Quincy (/fr/) is an Appellation d'origine contrôlée (AOC) in the Loire Valley wine region of France which produces dry white wine. It grows in two communes: Quincy and Brinay in the department of Cher.

== History ==
=== Antiquity ===
The etymology of Quincy is thought to come from the Roman name, domaine de Quintius. The Bituriges cultivated the land since ancient times.

=== Middle-Ages ===
In 1120, the wine of Quincy was named in a speech by Pope Calixtus II and the Sauvignon blanc introduced by the monks at Cîteaux Abbey.

=== Contemporary Times ===
After the consecutive replanting of the vineyards because of the Phylloxera epidemic, Quincy was the first commune to be awarded an AOC in this part of the Loire region, on 6 August 1936.

== Geographical location ==
=== Localisation ===
The Quincy vineyard is situated in the Champagne bérrichonnein the Cher department, between Bourges and Vierzon. It is planted on a plateau of the right bank of the river Cher. Extending from North to South, the East side of it is exposed, divided between the communes of Quincy and Brinay.

=== Pedology and orography ===
The vineyard was planted on a Kimmeridgian marly plateau, hanging over the Cher River. It is covered by a mixture of alluvium silica-clay soil.
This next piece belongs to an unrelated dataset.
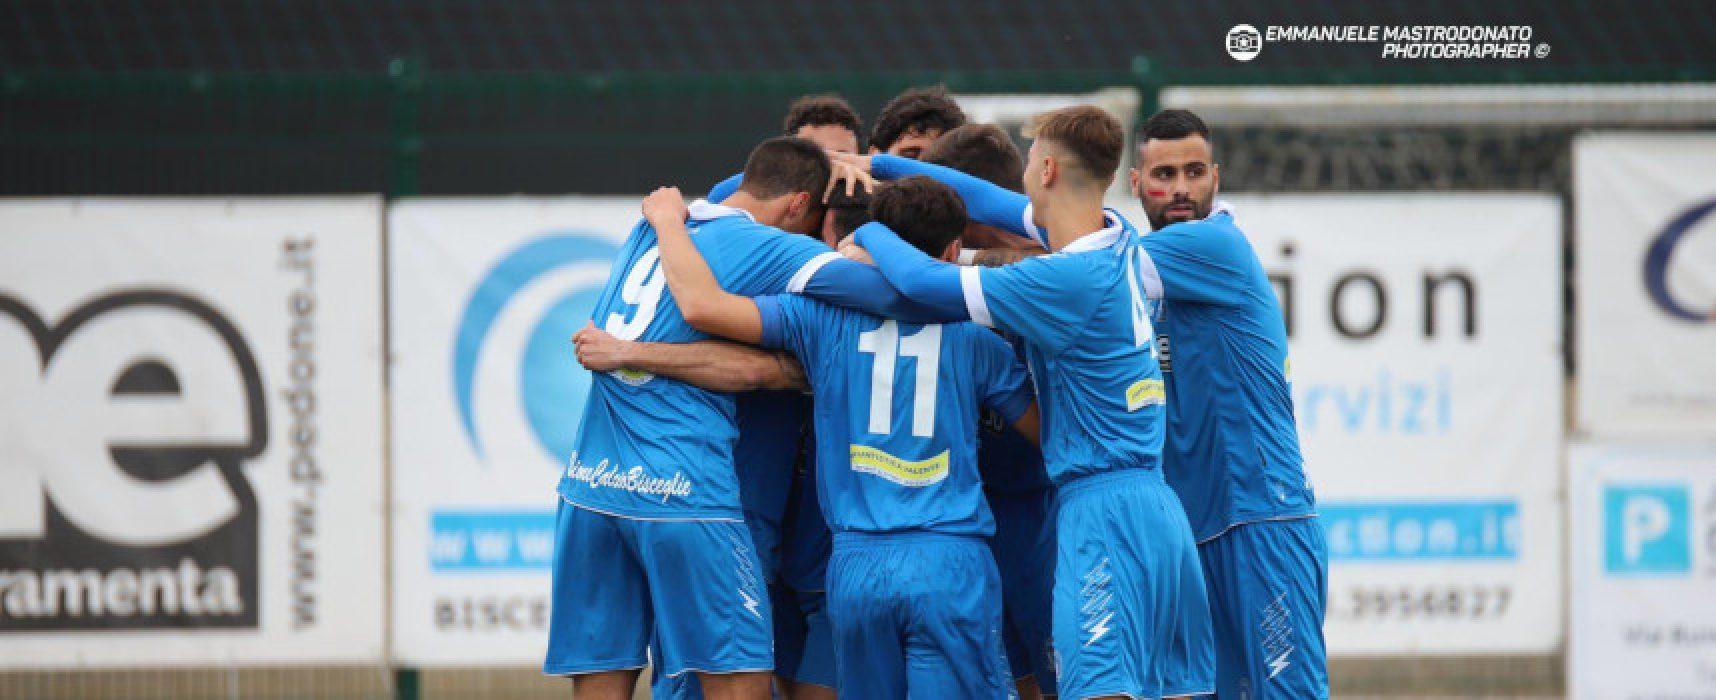 Unione Calcio, ad Avetrana tre punti vitali per le speranze salvezza

This mixture drains away the excess water and the in-depth marl cover preserves water, protecting it from a dry period.

The soil has three layers: a soil made up of sand and gravel on an underlay of clay, a sandy soil covered by red sand and a sandy-silt soil on a clayey-sand or clay with slightly sandy soil.

=== Climate ===
The vineyards benefits from the relatively warm and dry local climate.

== Vineyards ==
=== Grape varieties ===
Quincy white wine is only made using the Sauvignon grape. Sauvignon blanc is the main grape planted, while the closely related Sauvignon gris grape represents 10% of the planted surfaces. The not so fertile soil reduces the exuberance of the Sauvignon vegetation well. Harvesting control also ensures optimum maturity of the grape.

=== Viticulture ===
The Sauvignon grapes are grown in long trellises to help manage its capricious and low fertility. The single Guyot is limited to a number of 10 vine eyes for support while the double Guyot has 12 vine eyes. With cordon training, or cordon de Royat, a maximum of 14 vine eyes are used, split on two heads of a maximum of 2 vine eyes.
The plantation density must be more than 5,500 vines per hectare. The distance between rows cannot exceed 1.45 metres and the distance between vines on a row must be between 0.90 and 1.25 metres.
Foliage trellising is compulsory and must not exceed 0.6 times the space between the rows. This height is measured between 10 cm under the string and the height of trimming.
Irrigation is forbidden, as is weeding of the gaps and embankments.

=== Harvesting ===
It can be carried out by sorting the grapes out manually or by using a machine to pick the grapes from the vine. The harvesting of vines that are less than three years old cannot be used for wines of the AOC.
The amount of sugar in the grape must be less than 170 grams per litre and the potential degree of the juice should be less than 12.5% volume.
The permitted yield of the appellation is 65 hectolitres per hectare. It can be 75 hl/ha as an exception, but it is the maximum yield.

=== Wine making ===
After it has been picked, the grape is pressed as early as possible. The must is left to undergo a cold stabilisation before fermentation takes place in a tank. After fermentation, ageing of the non-fermented matter sometimes happens in fermentation vats.

=== Marketing ===
In 2006, production was 12,283 hl. Quincy is mainly sold to the French market; however, exports represents 20% of the production.

== Wines ==
The AOC is only used for dry white wine. It can be delicate and fruity (citrusy), with hints of white flowers and pepper. It is a wine which keeps its quality for at least 4 or 5 years, although ageing does not improve the initial quality. This wine is best accompanied with seafood and fish from the Loire or after a meal with goat's cheese from the region such as Valençay, Pouligny-Saint-Pierre or Crottin de Chavignol.